The second assignment of error refers to the assessment of the percentage tax on P43,750.00 representing amounts deducted from payments due partnership-appellant on its contracts. It is true that the latter did not actually received said amount. Said amount, however, is part of the price agreed to be paid for the services. The contractor was entitled to receive the amount and it actually was credited with it, and had the partnership fulfilled its contract, the said sum would have been received by it. The amount was retained under the contract as damages. Gross receipts are not only those actually received. Crediting the contractor with funds retained actually involves two steps, namely, (1) receipt by the contractor and (2) return by it to the Government in payment of damages due the latter for non-performance of its obligations by the former. Such amounts are, therefore, legal receipts and subject to tax as such.
We will now proceed to the appeal of the Collector of Internal Revenue, who claims that the partnership filed a false or fraudulent return and that, therefore, the surcharge of 25 per cent on the gross receipts of the partnership has not prescribed and that the additional surcharge of 50 per cent for a fraudulent return should also be imposed on the partnership. The evidence of which the Collector of Internal Revenue relies for his claim of fraud on the part of the partnership is the fact that no return was made for the contractor's gross receipts and the further fact that said gross receipts were entered on the partnership books, not upon actual receipt, but on the first day of the month following that in which receipt was actually made.

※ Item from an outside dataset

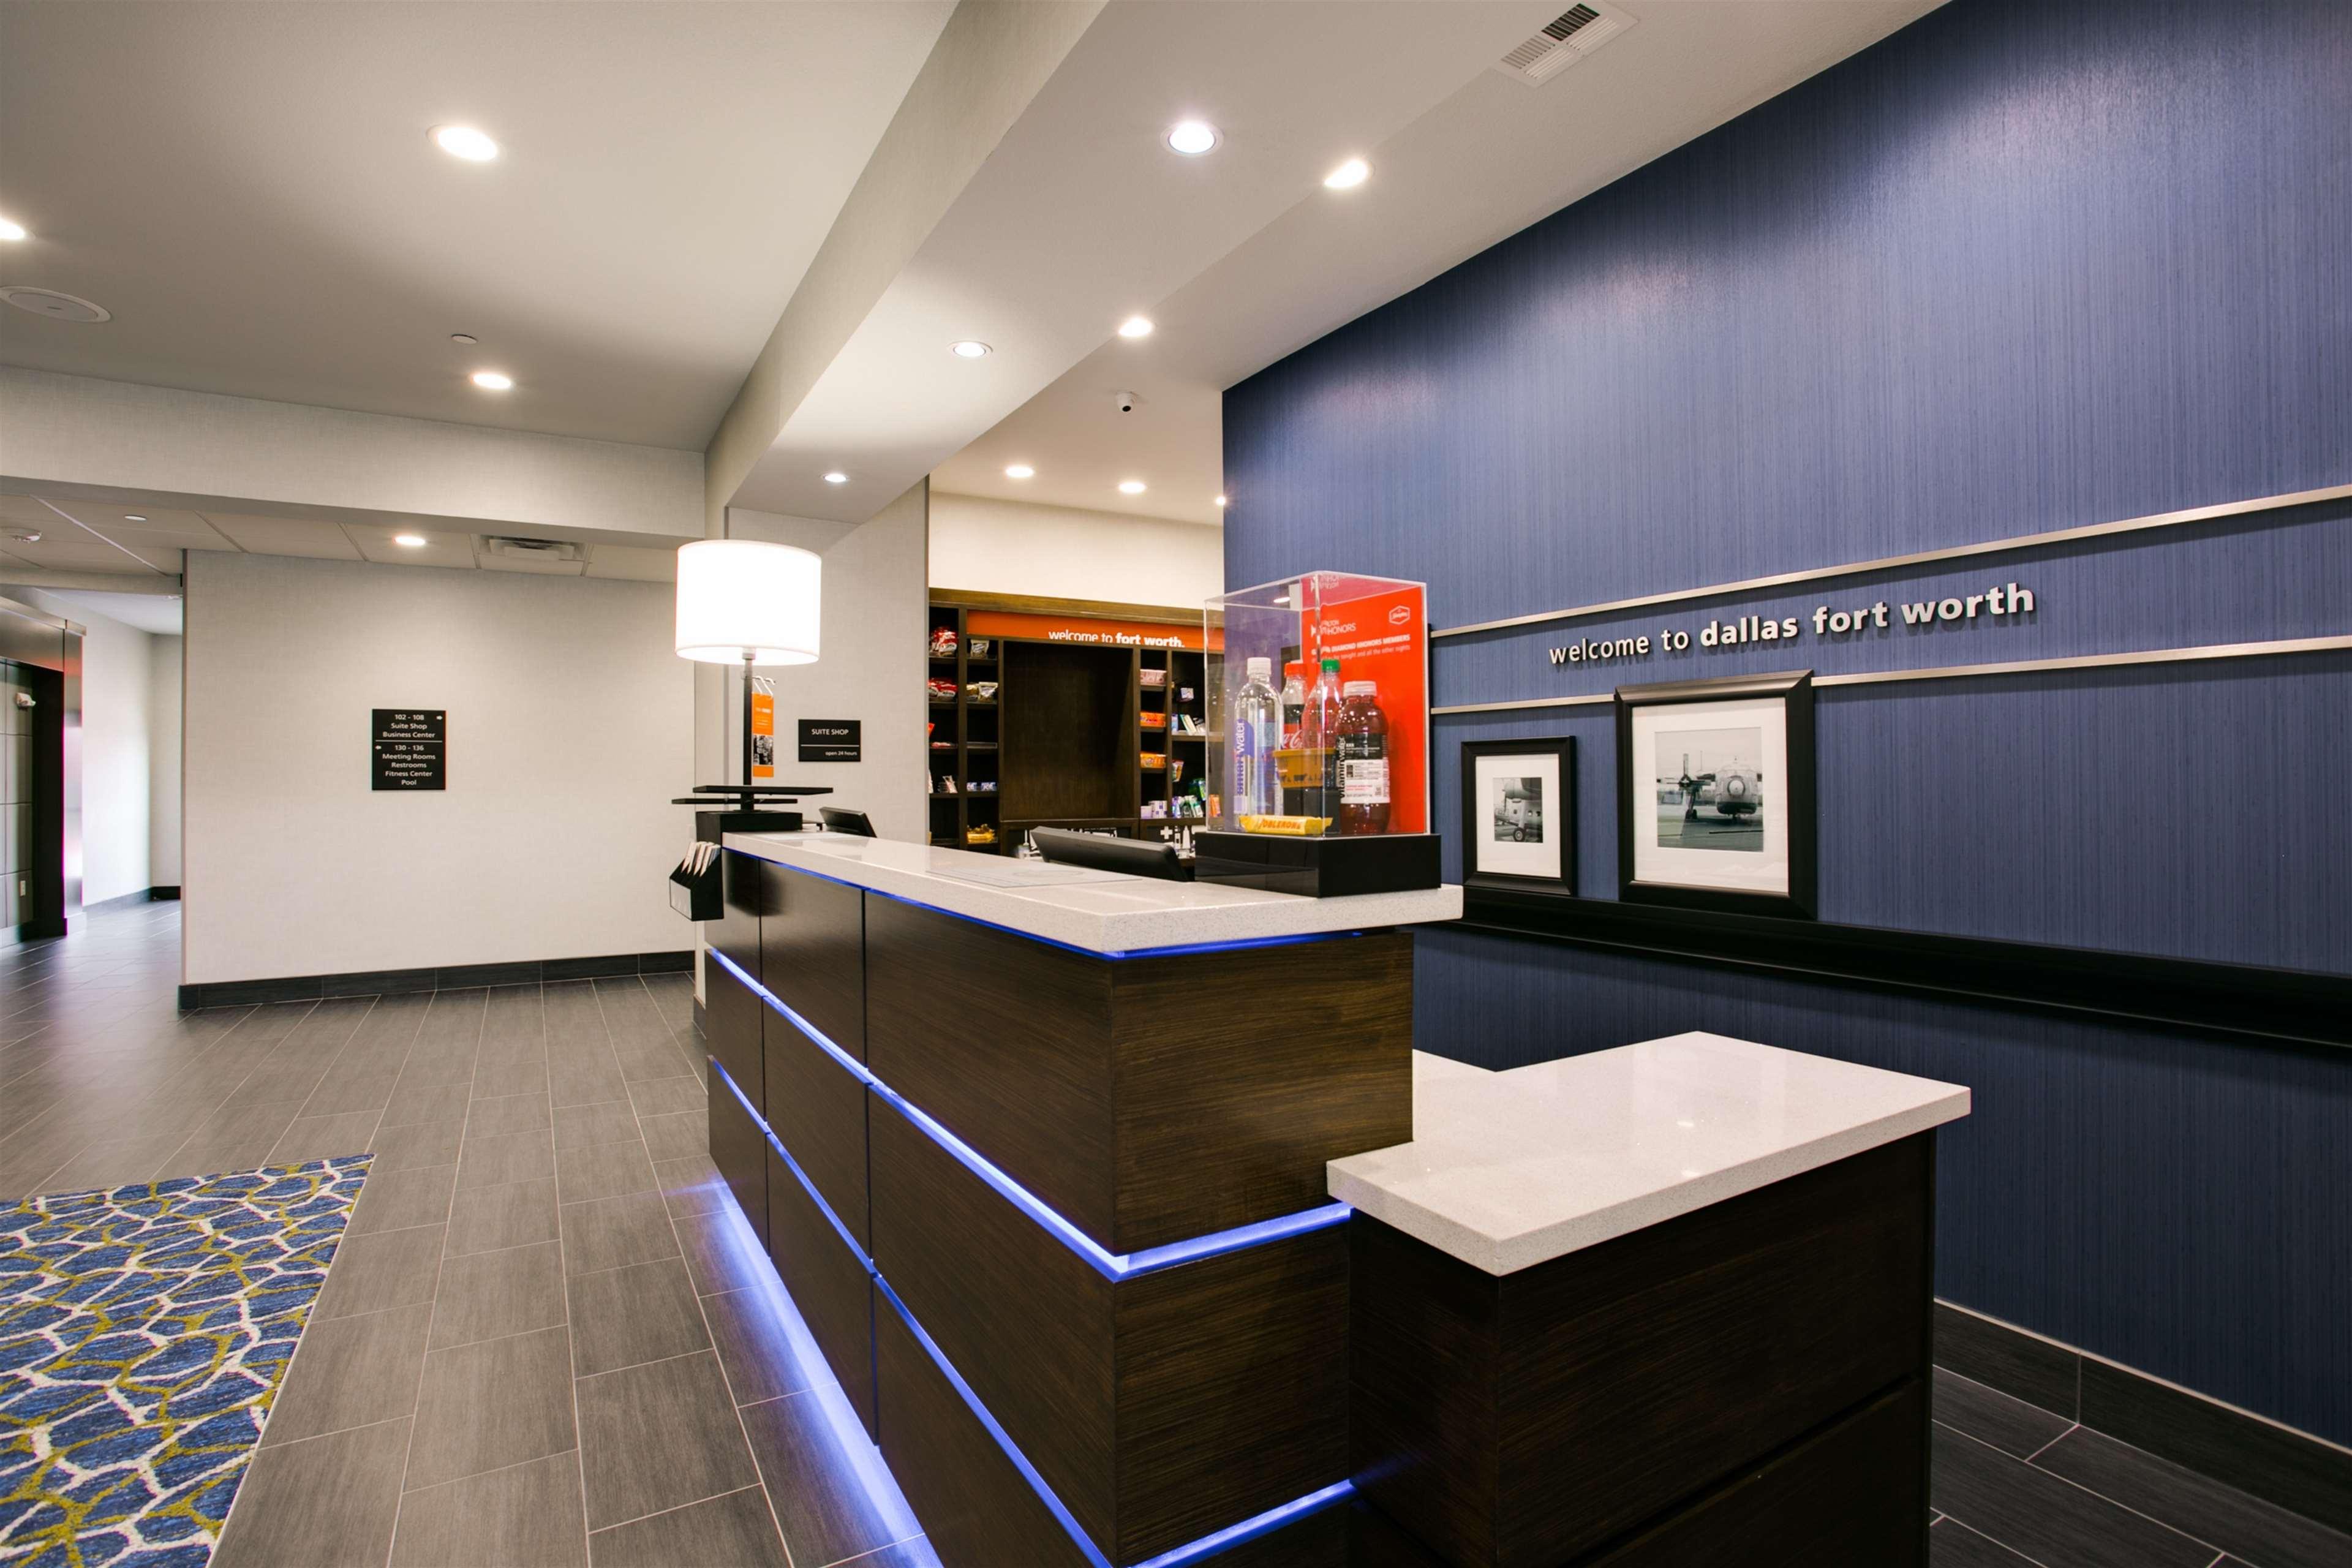 Hampton Inn & Suites Dallas/Ft. Worth Airport South image 5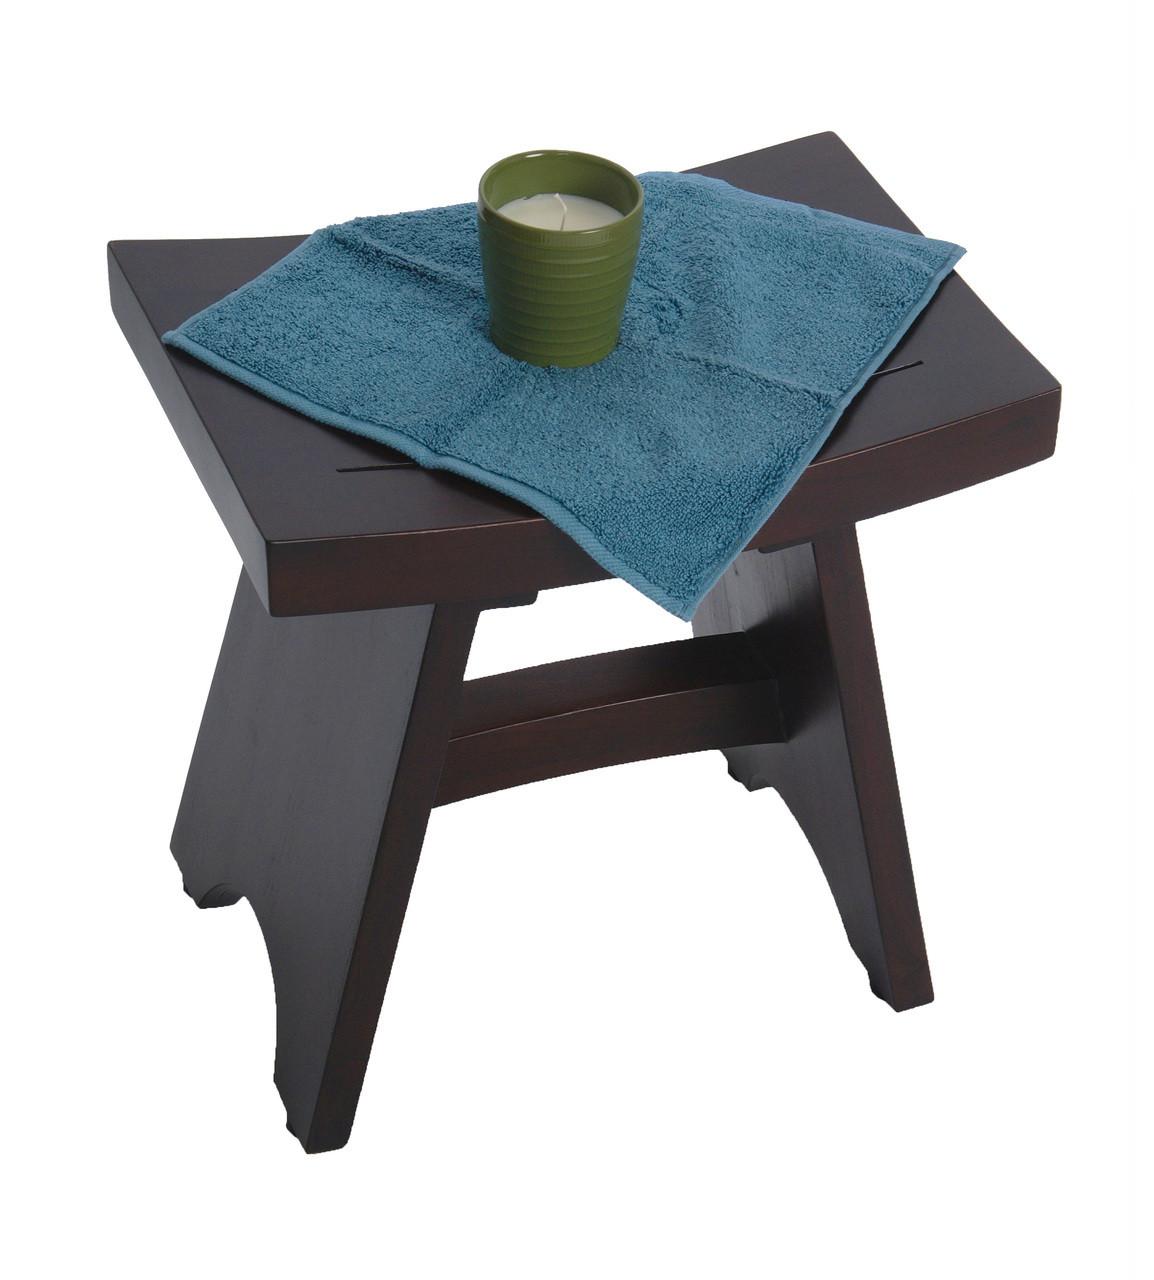 "DecoTeak Serenity 18"" Teak Wood Fully Assembled Shower Bench in Woodland Brown Finish"

Thus receipts on June 9, 22 and 30, were all posted on July 1, that on August 27, on October 1, those in September 6, 7 and 22, on October 1, and that of March 22, on April 3.
We agree to the ruling of the court below that the failure to file a return and the late posting of receipts on the books of the partnership are not sufficient to prove the existence of fraud. Fraud is never presumed; good faith is. The two circumstances by themselves can not be said to constitute fraud; they both amount to an error, but not fraud. The partnership could have believed in good faith that the rehabilitation projects undertaken jointly by the U.S. Government and the Philippine Government are to be exempt from taxes. As it was not shown that the partnership knew that receipts from U.S. funds were not exempt from taxes, the presumption of good faith was never rebutted.
We find no error in the decision appealed from, and we therefore affirm it in toto, without costs.1âwphïl.nêt
Paras, C. J., Bengzon, Padilla, Montemayor, Bautista Angelo, Concepcion, Endencia, Barrera, and Gutierrez David, JJ., concur.